### Data for processing
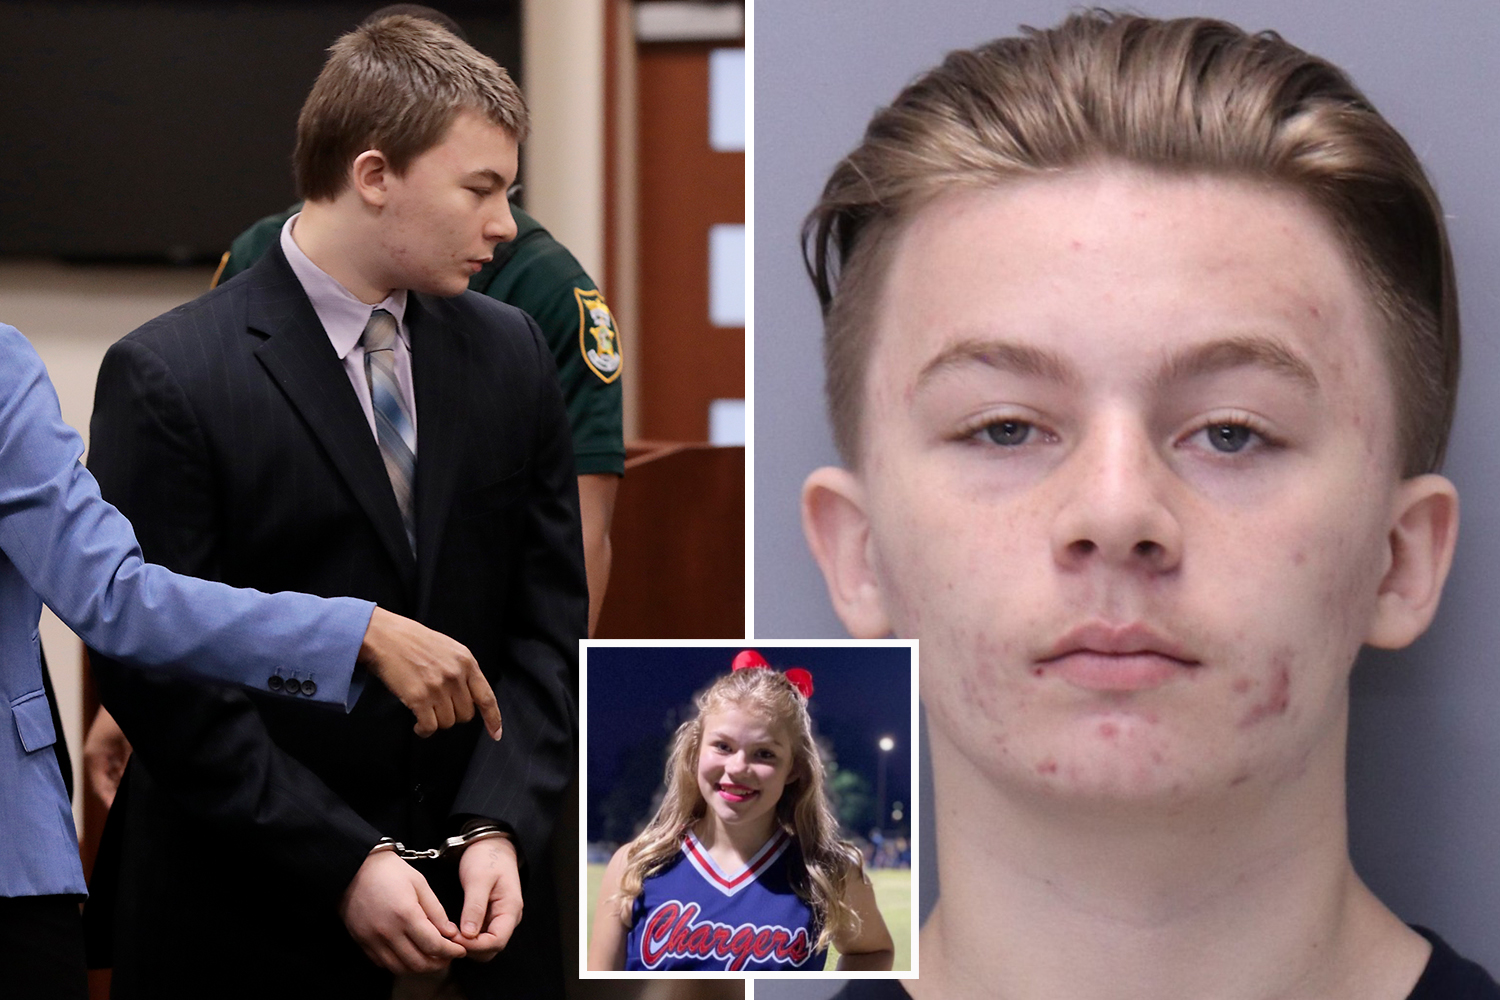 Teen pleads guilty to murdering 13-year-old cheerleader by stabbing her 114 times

--

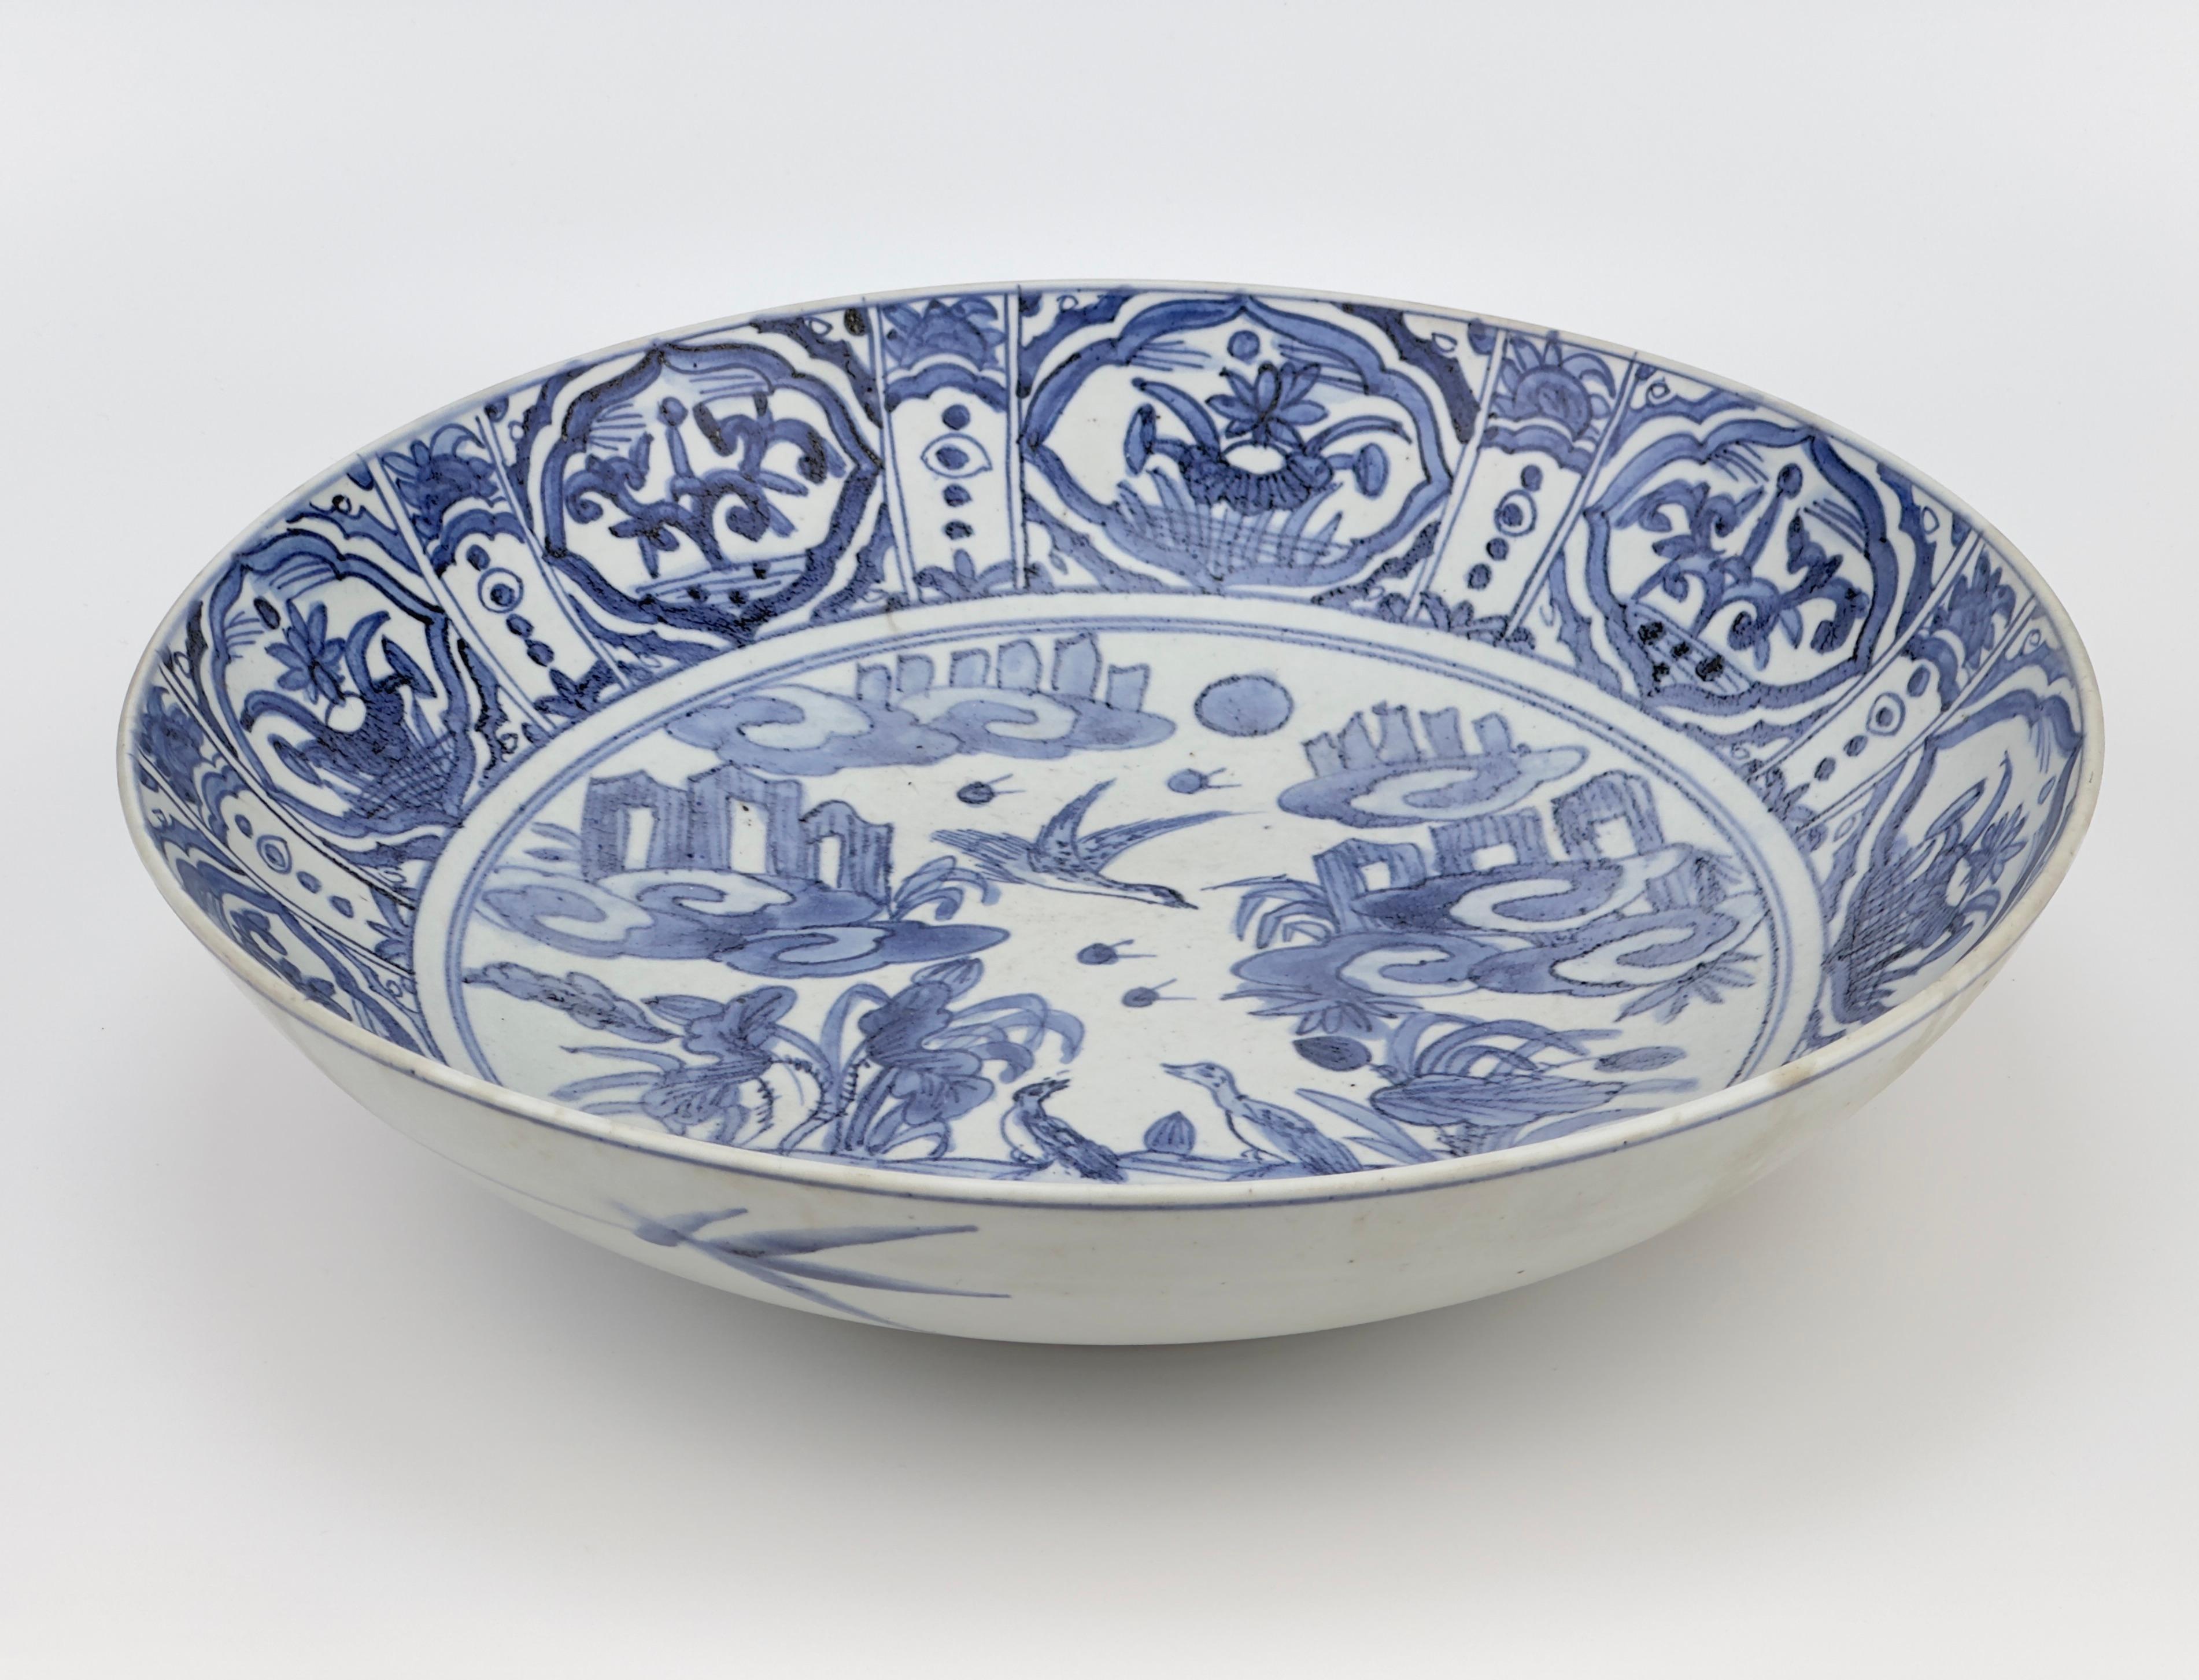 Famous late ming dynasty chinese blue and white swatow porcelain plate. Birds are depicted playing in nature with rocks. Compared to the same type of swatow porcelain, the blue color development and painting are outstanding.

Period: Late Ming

### Task
For this exercise, reproduce exactly the lines of the records above from the one with "Famous late ming" up to and including the one with "Period: Late Ming", without pictures.

### Output for this exercise
 Famous late ming dynasty chinese blue and white swatow porcelain plate. Birds are depicted playing in nature with rocks. Compared to the same type of swatow porcelain, the blue color development and painting are outstanding.

Period: Late Ming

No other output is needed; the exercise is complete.